Регистрационный номер №0530627

от 4 июля 2024

[Скрыть] Регистрационный номер 0530627 выдан для произведения: (*)
– Вот ты где! – Мальт облегчённо вздохнул. Он уже предполагал самое дурное – времена властвовали неспокойные, лихие, впрочем, всё это, конечно, временная мера, скоро, очень скоро, новый Король, да будут дни его долги, наведёт порядок.
            А пока…
            Любой слом старого идёт через кровь. Но одно дело, когда ты один из ближайших заговорщиков, и другое дело, когда ты молодой палач, последняя, кто уцелел из  Коллегии Палачей, и даром всё то, что Коллегии больше нет, и самой Секции Закона в прежнем облике тоже – даром! – народ помнит.
            А палачей всегда презирают. Мало ли, вдруг случилось непоправимое? Вдруг Арахна пошла на прогулку и кто-то, пользуясь тем, что она одна…
– А где мне ещё быть? – поинтересовалась Арахна. Она даже головой не повела, так и осталась стоять у следов пепелища.
            Коллегии Палачей больше нет. А это был её дом. И людей, которые стали ей семьёй, уже унесло в небытие. И она была вынуждена способствовать этому.
– Опасно ходить тебе одной, – напомнил Мальт.
            Она не слушала. После кровавой ночи, первой ночи, где старое ушло, уступая наглости нового, она как будто бы оглохла и все чувства её притупились. Всё рухнуло, а в новом, зарождающемся мире, куда Мальт её практически втащил, всё было совсем иначе.

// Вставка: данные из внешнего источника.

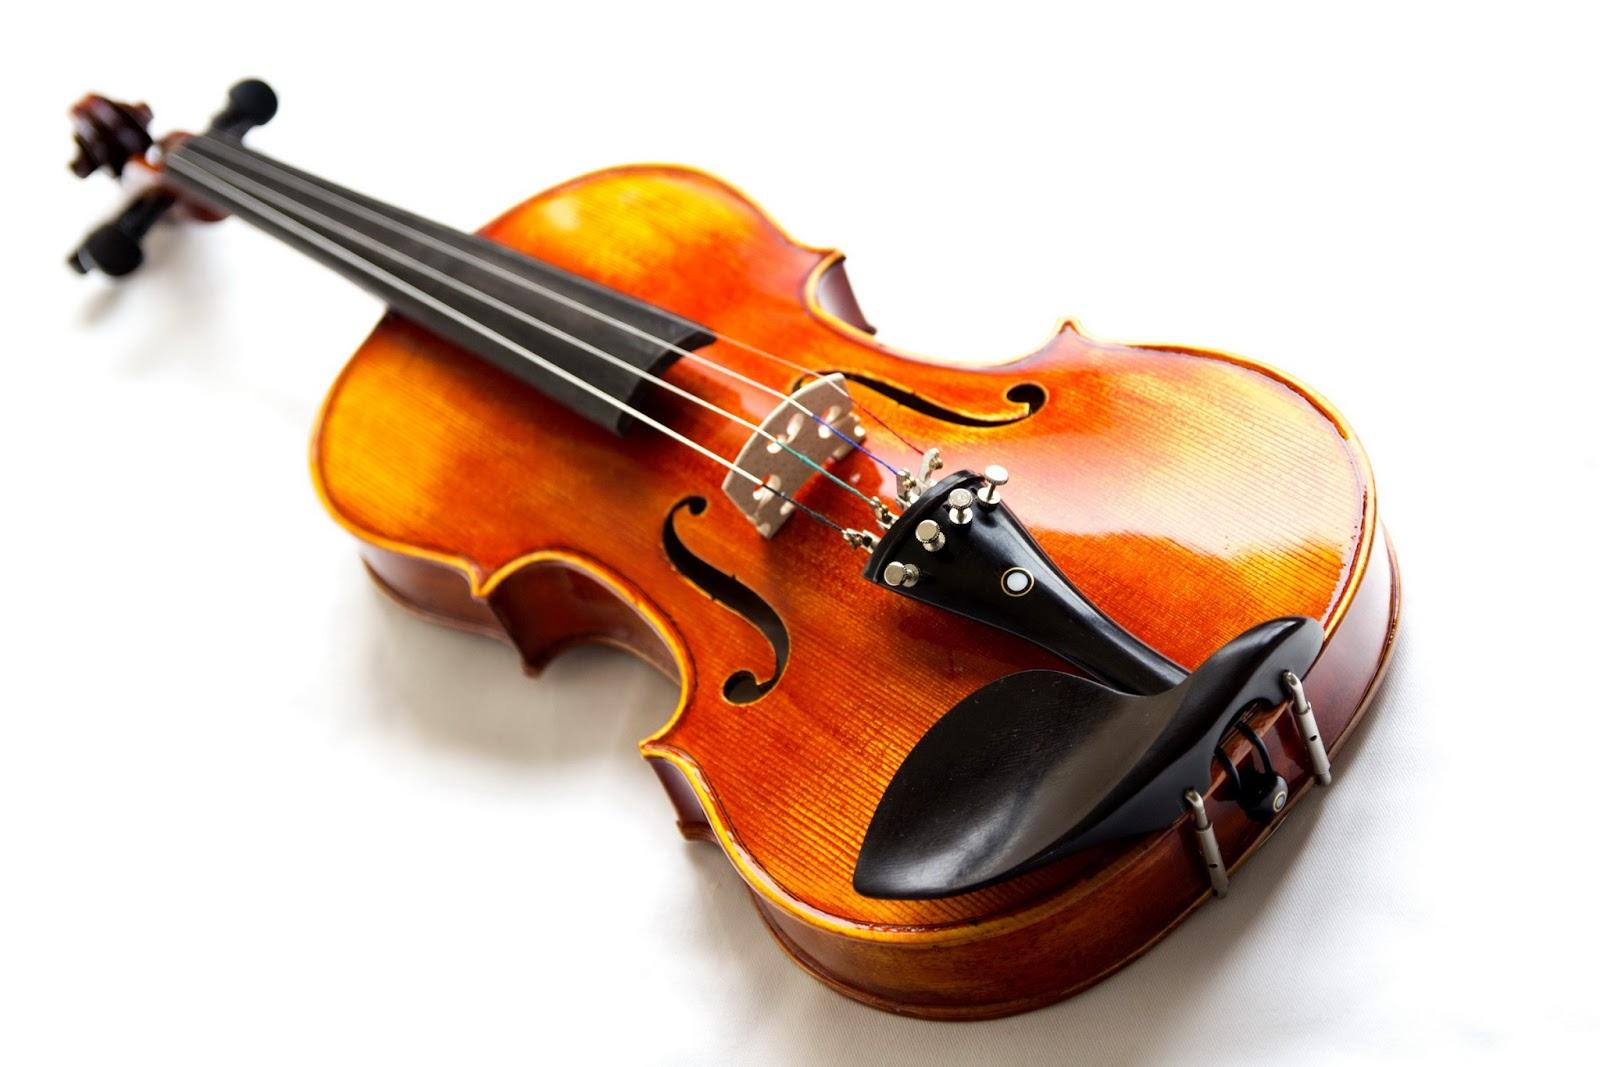 Violin Wallpaper: Violin Wallpaper

            И места не находилось.
            Арахна не ответила. Да и не ждал Мальт от неё ответа. Он вообще подозревал, что ценность собственной жизни для Арахны заметно снизилась. Мир, в котором она жила столько лет, оказался совсем нереален, когда не стало всех тех, кто этот мир ей выстраивал. Её родителей сгубил заговор, но на воспитание её подобрали, не допустив до убогой, самой несчастной Коллегии Сопровождения, подобрал Регар.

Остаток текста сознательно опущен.